His proposed budget, released in March, advocated for cutting federal funds to Amtrak's long-distance lines (which, in fairness, would affect neither Philly Northeast Corridor nor the Washington line), and would also bar the Federal Transit Administration from funding new transit projects. He's rolled back a proposed regulation that would have required railroad companies to test employees for sleep apnea, a factor in the New Jersey Transit crash in Hoboken last year. In July, local transportation officials said a plan for rail improvements in the region is still waiting on word from the feds about whether they'd be able to fund it.
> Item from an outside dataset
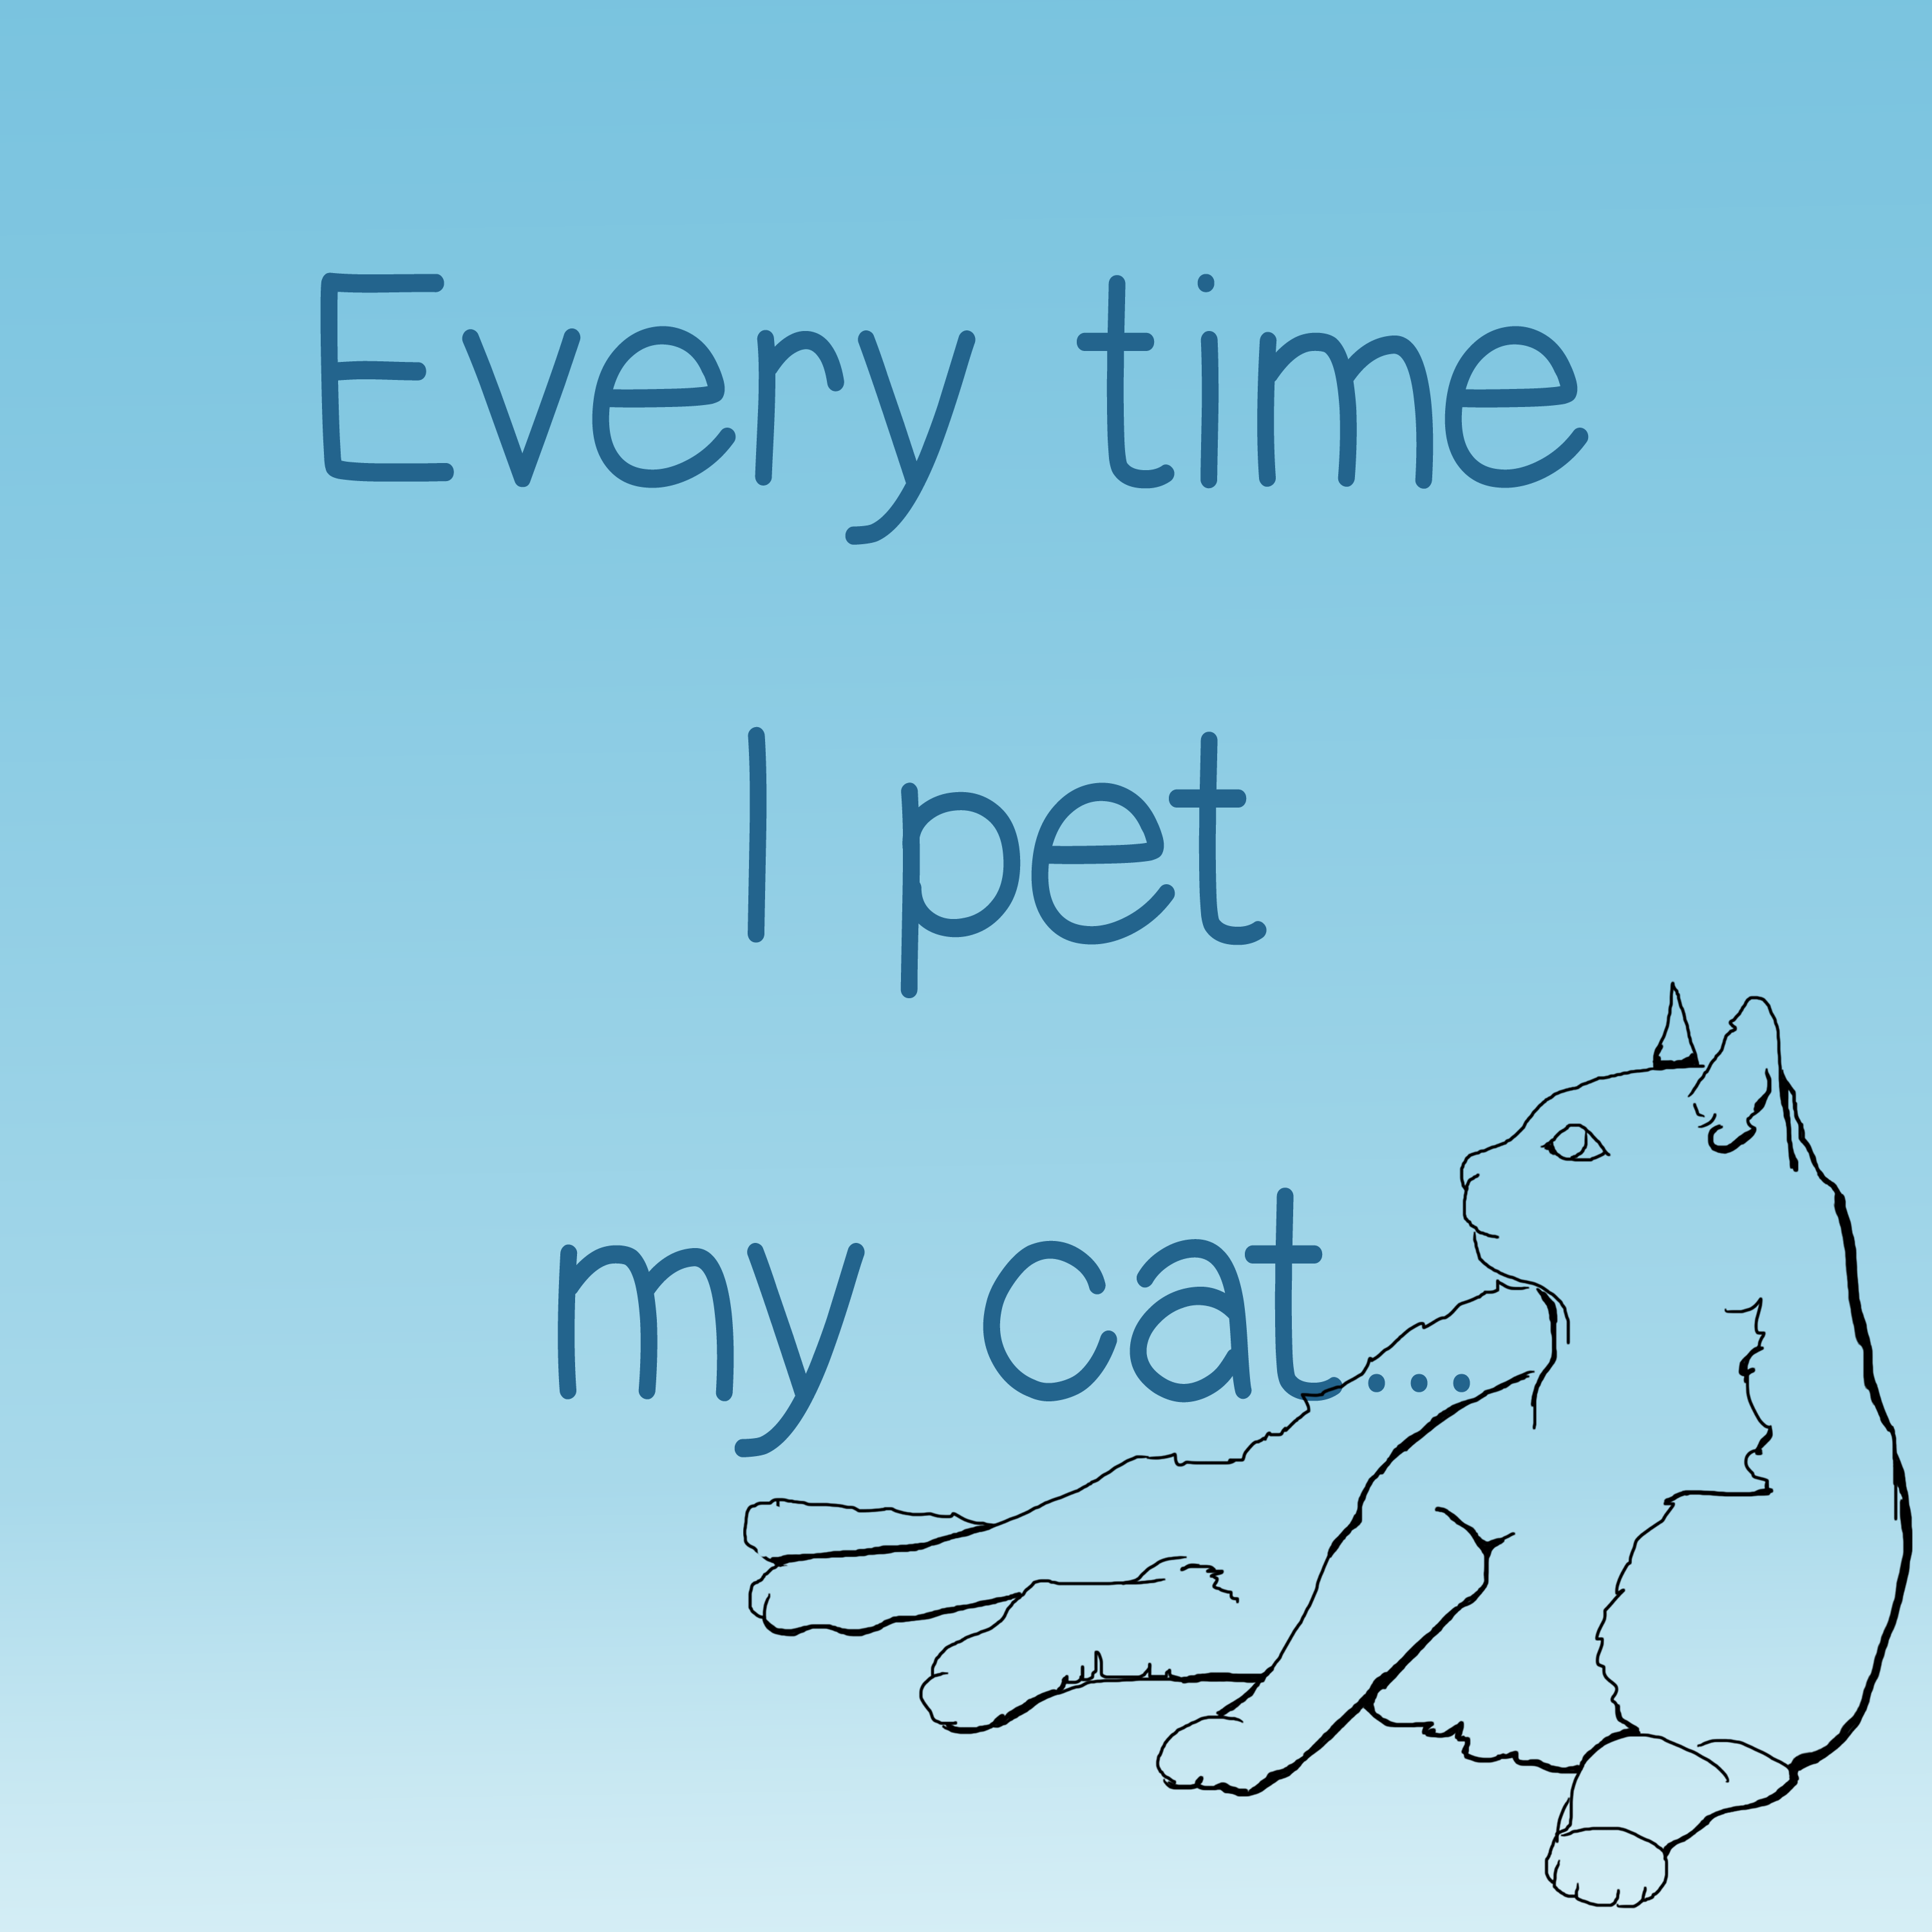 Every time I pet my cat ...

And the infrastructure plan itself is still mostly talking points, said Erick Guerra, a city planning professor at Penn: "The substance of the plan is rhetoric, and then slashing a few programs and agencies," he said. "I haven't seen very much evidence that he thinks very thoughtfully about these issues, other than saying, 'We have the worst infrastructure and we need the best infrastructure.'" And, because it's 2017 and literally nothing is a bipartisan issue anymore, it's unclear whether this plan even gets through Congress.

What they’re saying

"From the beginning, America has been defined by its people." — The opening line from the recently-unveiled Donald Trump animatronic in Disney World's Hall of Presidents, dashing my hopes for a robot that just yelled Trump tweets while the Lincoln robot tried to deliver the Gettysburg Address. Go bland or go home, I guess.

"I was an easy pickup. Very easy pickup. And a couple, two, three other Democrats would have been easy pickups, if they had just made an effort." — Democratic Sen. Joe Manchin, of West Virginia, saying that if Republicans had tried harder to reach across the aisle, they might have gotten a few Democrats on board with their deeply unpopular tax bill.
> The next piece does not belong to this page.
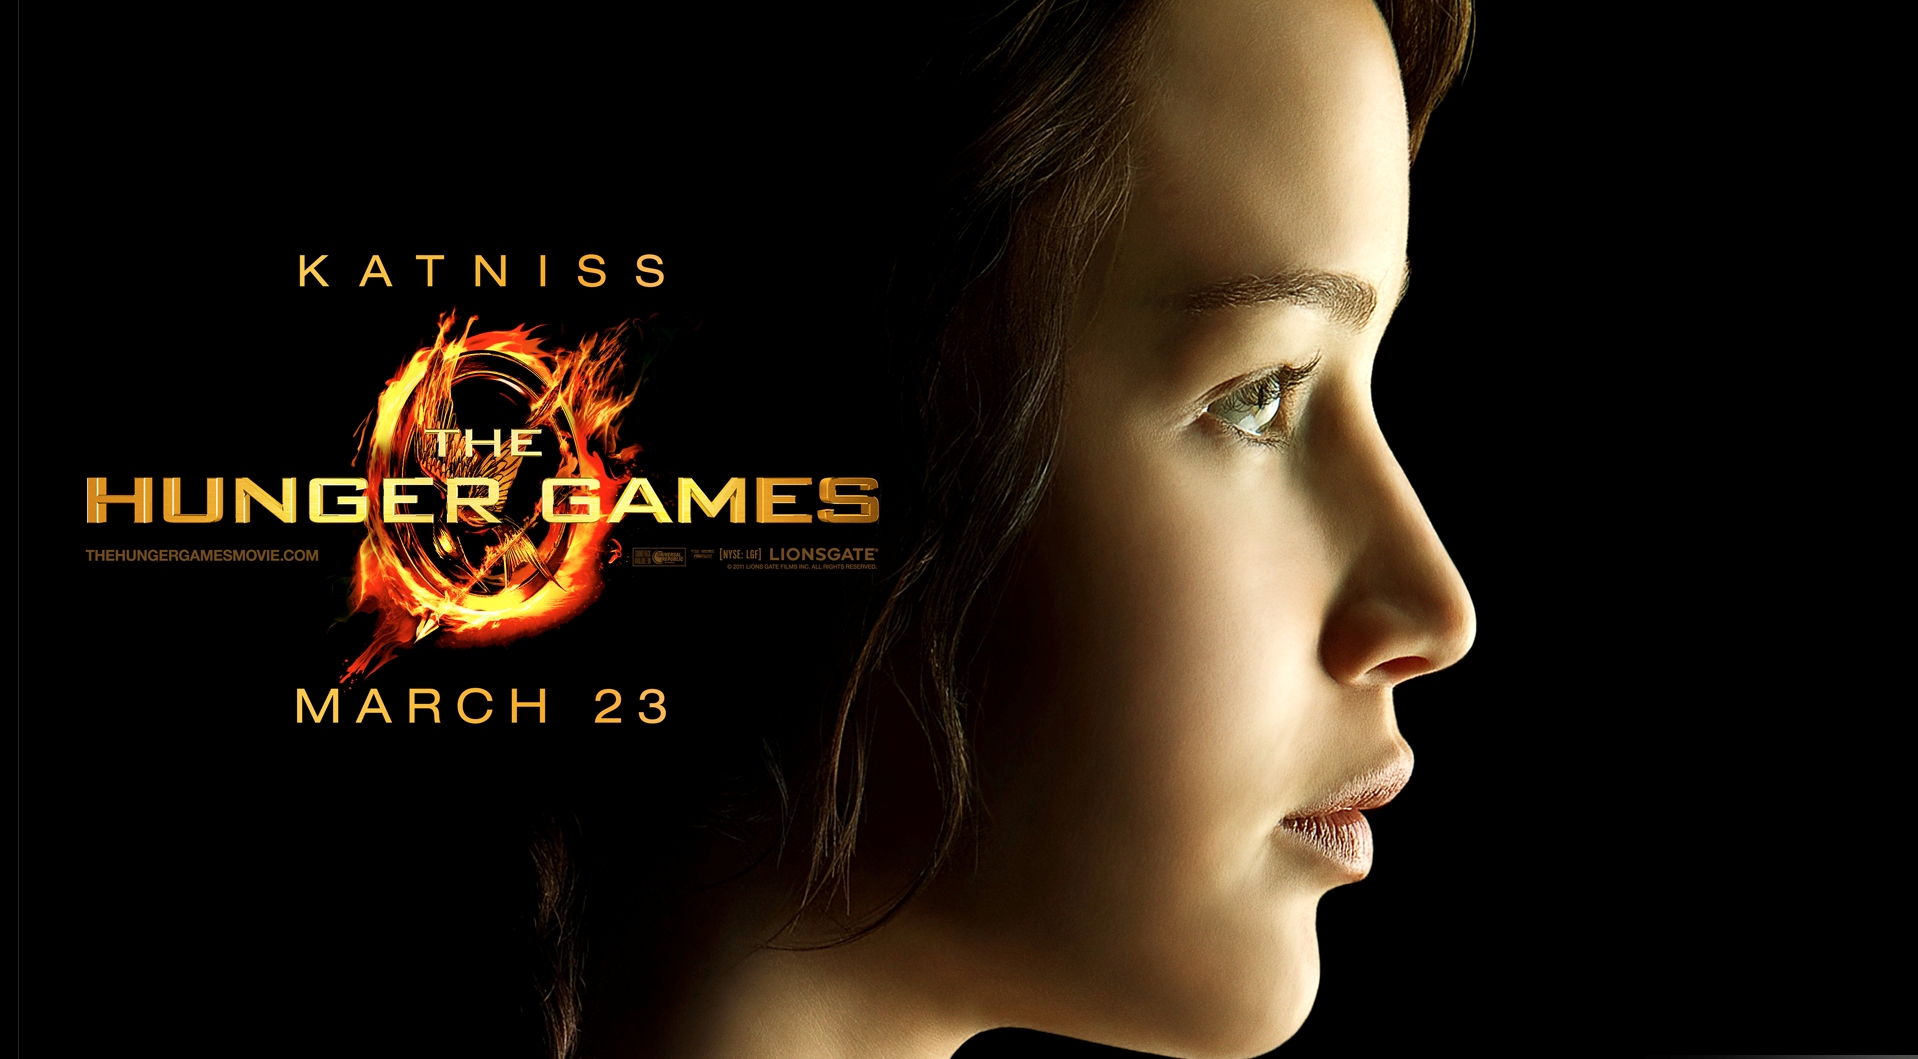 The Hunger Games Movie   1080p HD Wallpaper HD Wallpapers Source

"Let's get on with the real issues that are facing people of this country right now, and I don't think that the President ought to resign at this point." newly-elected Alabama Sen. Doug Jones, who defeated Republican Roy Moore in a nail-biter last week, already breaking with some of his Democratic colleagues in the Senate who have called for Trump to resign over the allegations of sexual harassment that surfaced during the campaign.

In other news…

  1. After binge-watching Westworld last year, I have decided that every single animatronic on the planet, including those in Philly's beloved Charles Dickens Christmas extravaganza, is an eldritch abomination. (Yeah, I said it.) But Donald Trump's Hall of Presidents robot just took on a starring role in Twitter's nightmares.

  2. The House is voting on the revamped GOP tax bill today. Here's a good graphic from the New York Times on what's changed. And here's an analysis from the Tax Policy Center, concluding that the plan doesn't live up to Trump's promise of "massive tax cuts" for the middle class.
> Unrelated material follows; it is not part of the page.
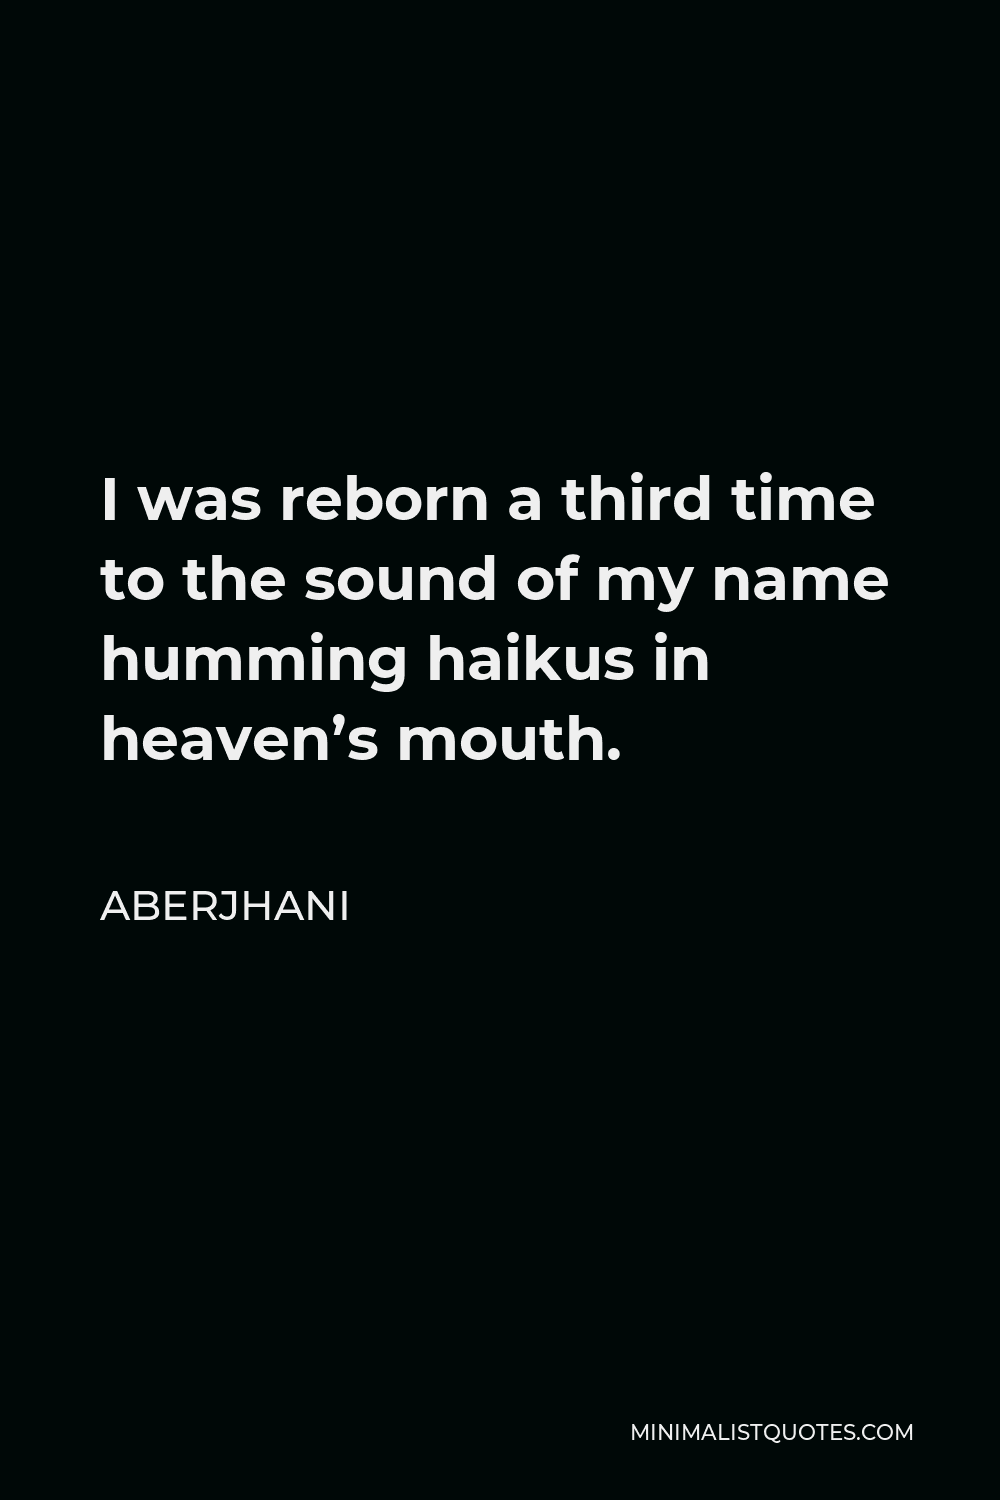 Aberjhani Quote - I was reborn a third time to the sound of my name humming haikus in heaven’s mouth.

  3. White House lawyers are meeting with Robert Mueller's team this week about the status of the Russia investigation, the Washington Post reports, but it's likely the investigation could stretch on for another year.

  4. PA state Sen. Daylin Leach is "taking a step back" from his campaign after allegations he engaged in inappropriate sexual talk and unwelcome touching with staffers surfaced in the Inquirer this weekend.

What I’m reading

  1. My colleague Jon Tamari wrote about the Philly residents charged in a sweeping federal trial over the protests at President Trump's inauguration.

  2. Please scream with me over this New York Times report about the Pentagon's SECRET UFO PROGRAM, which has been criminally buried in the relentless political news cycle.

  3. My colleague Jeff Gammage wrote about Philly's undocumented immigrants, and the ways, big and small, that life has changed for them a year into the Trump presidency.

A non-political palate cleanser

My favorite Inquirer tradition is here: our staff's annual list of book recommendations. My colleagues have impeccable taste and few of my faves are on here (but if you read one thing this year, let it be Lincoln in the Bardo).